El tercer Informe sobre Desarrollo Humano de El Salvador (IDHES),
ejecutado por el Programa de las Naciones Unidas para el Desarrollo
(PNUD) después de los terremotos del 13 de enero y 13 de
febrero, refleja su impacto.
Vértice ofrece el resultado de un monitoreo hecho a cuatro
municipios que muestran una pizca de los efectos dejados por los
dos terremotos y la sequía del año pasado.
¿Cuál será la apuesta del gobierno de Francisco
Flores en el 2002? Dejar pasar o más transparencia y equidad
en la reconstrucción de los poblados olvidados.
Al
pie de la amenaza
El mediodía del 15 de agosto de 2001, un aluvión
bajó desde el volcán deSan Vicente y arrasó
parte de Guadalupe.
Unos
colchones carcomidos por el moho y una arenisca fina delimita
la zona donde antes vivían no menos de 14 familias.

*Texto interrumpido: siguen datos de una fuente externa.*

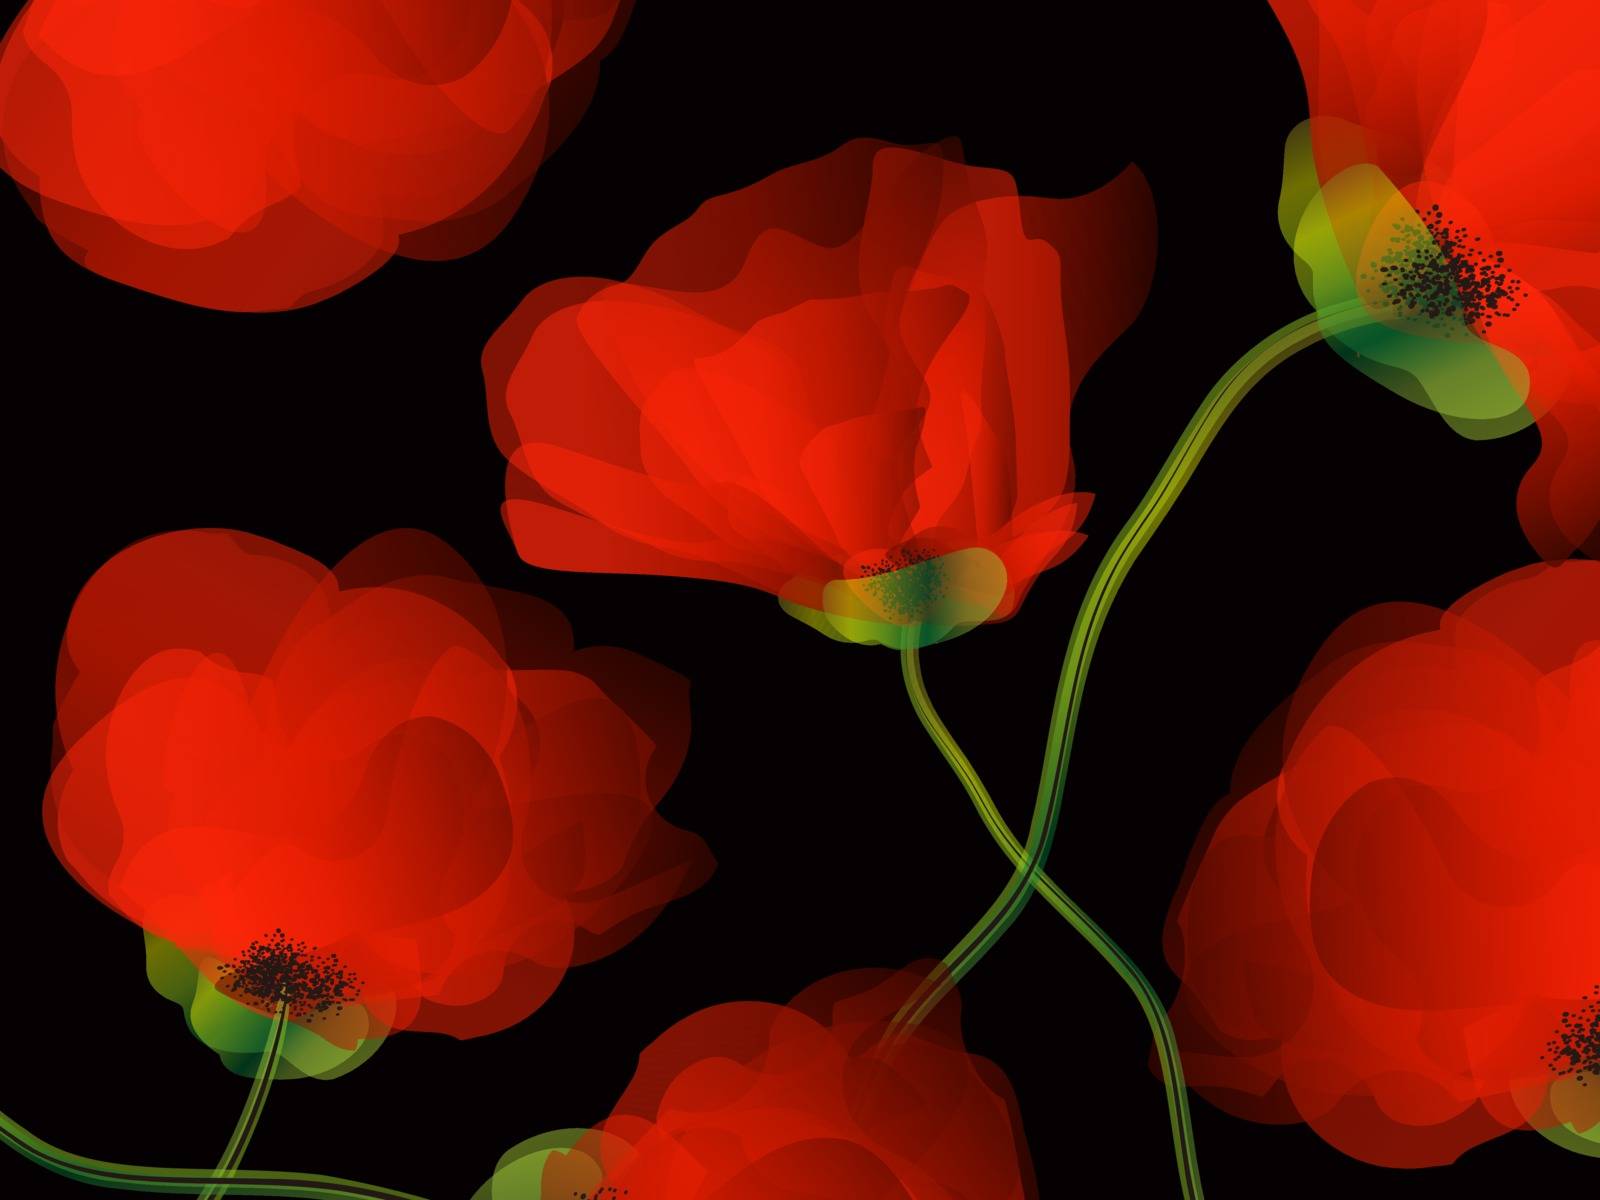 Poppy background illustration by Lirch

Después
del aluvión que arrasó con todo a su paso, no quedó
más que rocas y árboles y láminas retorcidas.
A casi un año del desastre, el volcán luce herido
y las laderas de la montaña son una amenaza latente. Abajo,
residen los damnificados de la colonia Santa Rosa en casas hechas
de láminas de zinc por las brigadas de la Fuerza Armada.
Tres días después de la tragedia, el 19 de agosto,
el presidente Francisco Flores llegó a Guadalupe para ofrecer
una promesa: conceder el título de propiedad a cada uno
de estos damnificados.
Edmundo Pineda, un residente de la comunidad, lo recuerda perfectamente.
Pero la promesa no se ha hecho realidad. El alcalde de Guadalupe,
Pedro Maldonado, señala que falta tramitar un permiso con
el Instituto Salvadoreño de Transformación Agraria
(ISTA) para legalizar la tierra que ocupan ahora los habitantes
de la colonia Santa Rosa.
Los residentes reclaman la legalidad de sus casas y la instalación
de los servicios básicos; el agua y la energía eléctrica
son los grandes ausentes.
En Guadalupe resta mucho por hacer y el invierno de 2002 es una
amenaza en potencia.
El
rincón olvidado de Pasaquina
En el 2001, la naturaleza
se ensañó con 62 municipios de oriente del país.
Los pobladores -en su mayoría- no sufrieron daños
por los terremotos; pero no lograron escapar a la peor sequía
de los últimos años. Pasaquina, en La Unión,
fue una de las más golpeadas.
Texto:
Ernesto Villalobos/Fotos: Claudia Barrientos
Al llegar al lugar todavía se percibe los estragos de la
sequía. Suelos agrietados por la erosión, pasto
seco, una escasa vegetación y rastros de las siembras perdidas
cubren los terrenos que sirven para cultivos.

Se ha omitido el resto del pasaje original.